LifeCharacter said:
Considering the logic I just presented would result in an article saying "Africans (somehow I doubt we're talking about people in Africa) are more than just those that eat only KFC, watermelon and deals drugs in an intercity" I fail to see what the problem would be. Do you think black people would be offended by someone stating that they don't all act like their negative stereotype?
How about instead of taking one statement from the articles that was made for the sole purpose of covering their ass by saying what amounted to "oh, don't worry, you're in the 10% of people who are totally not like that", how about to address the fact that everyone who cared about the issue which led up to that was a fat, white, male virgin looser living in their mother's basement, this in direct defiance of the fact that the group being insulted was more diverse then the group writing those articles, as well as having a very Americentric view of a world wide subculture?
If the hypothetical article I mentioned where to be made, it would imply that those who don't meet the stereotype are the minority within their own group.
Sure they were. It's not like they made it very clear who they were talking about and that who they were talking about was not "all gamers" or anything. Nope, the thing that fuels the endless and righteous fury of the offended best is what actually happened.
I'm not going to pretend they where attacking all gamers, but let's also not pretend that they where not attacking the idea of being a "gamer" or that they did not imply that all the people who where part of the group they where insulting where straight white men in defiance of all the evidence both before and since which show that not to be the case, or that said diverse group did not make up a disproportionately large part of their reader base.
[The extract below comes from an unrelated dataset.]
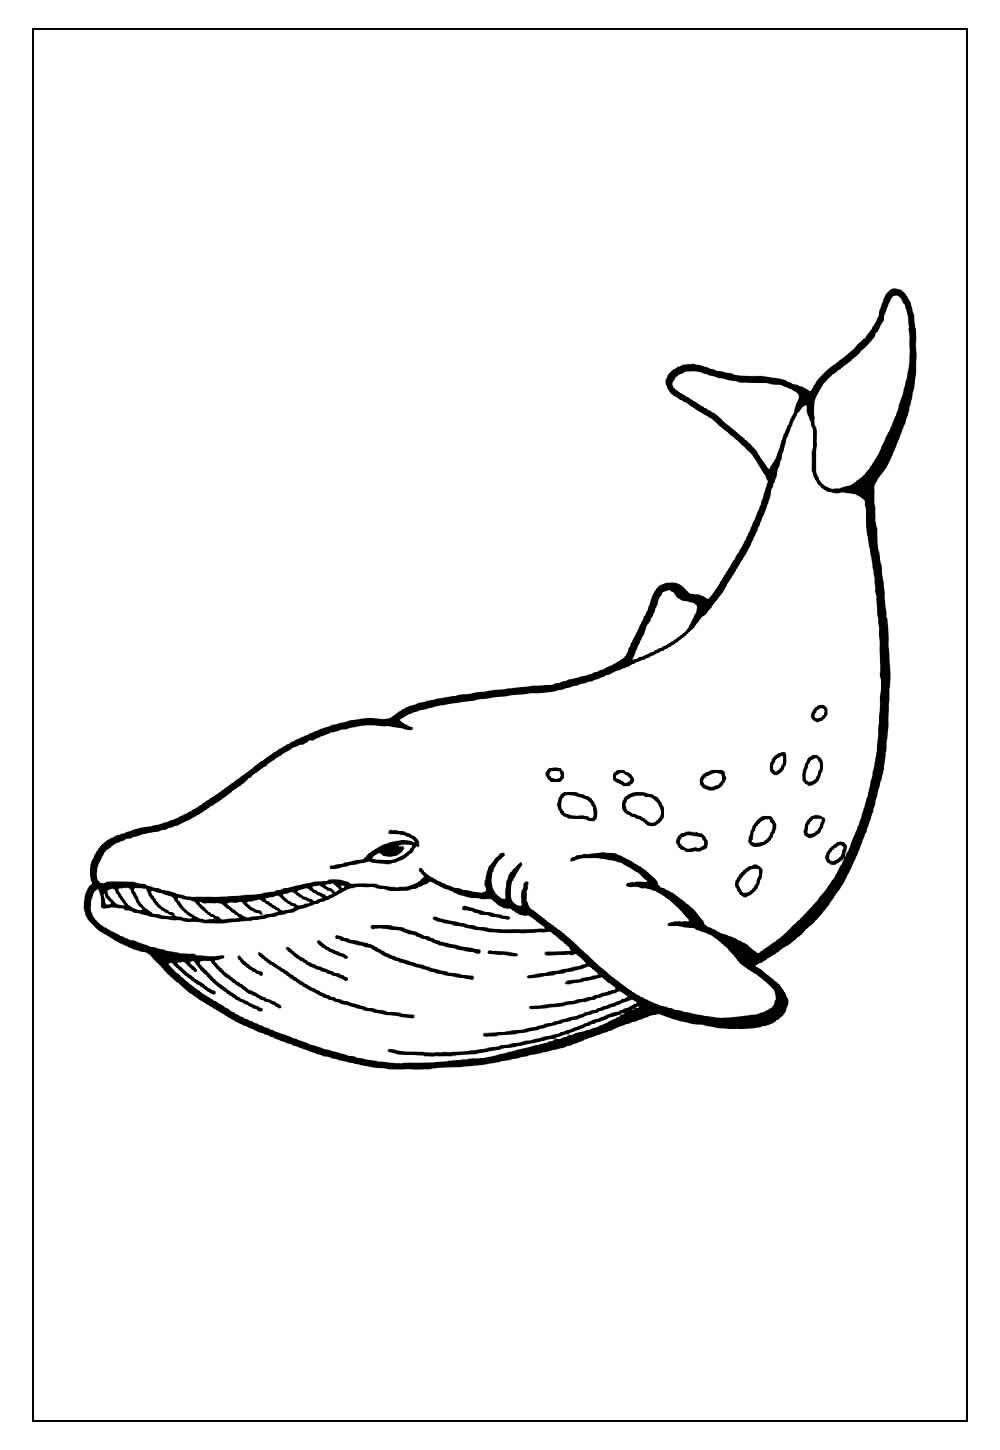 Desenho de Baleia envergonhada para Colorir - Colorir.com

Tell me, why is it so difficult for people to even acknowledge that something is potentially offensive if they aren't personally offended by it? It's very easy to see why a joke about a man taking a woman to bed and freaking out when she "turned out a man" (pretty much transpanic in a nutshell) might be offensive, not least because it can be taken as calling a transwoman a man. Now I know lots of people love going on about that being based on the assumption that they were a transwoman, but considering all the alternatives (he was drunk! and they were an effeminate crossdresser!) are equally based on assumptions, that's not that convincing of a point.
Why is it so difficult? Because in this specific case the leaps in logic and the degree one must bend over backwards to take offence to the joke which doesn't even reference transpeople, and that the person who could be interpreted as being trans was insulted or the butt of the joke, one really has to wonder if most of the people insulted at the joke even looked at it due to the only person being made fun of was a guy who couldn't handle the idea of sleeping with a man.
It's a simple joke, it's an old joke, it's been around for quite some time, and yet this is the first time someone takes offence to it? And someone with a history of trying to start flamewars over nothing? Too many things seem to line up with this just being an artificial nontroversy.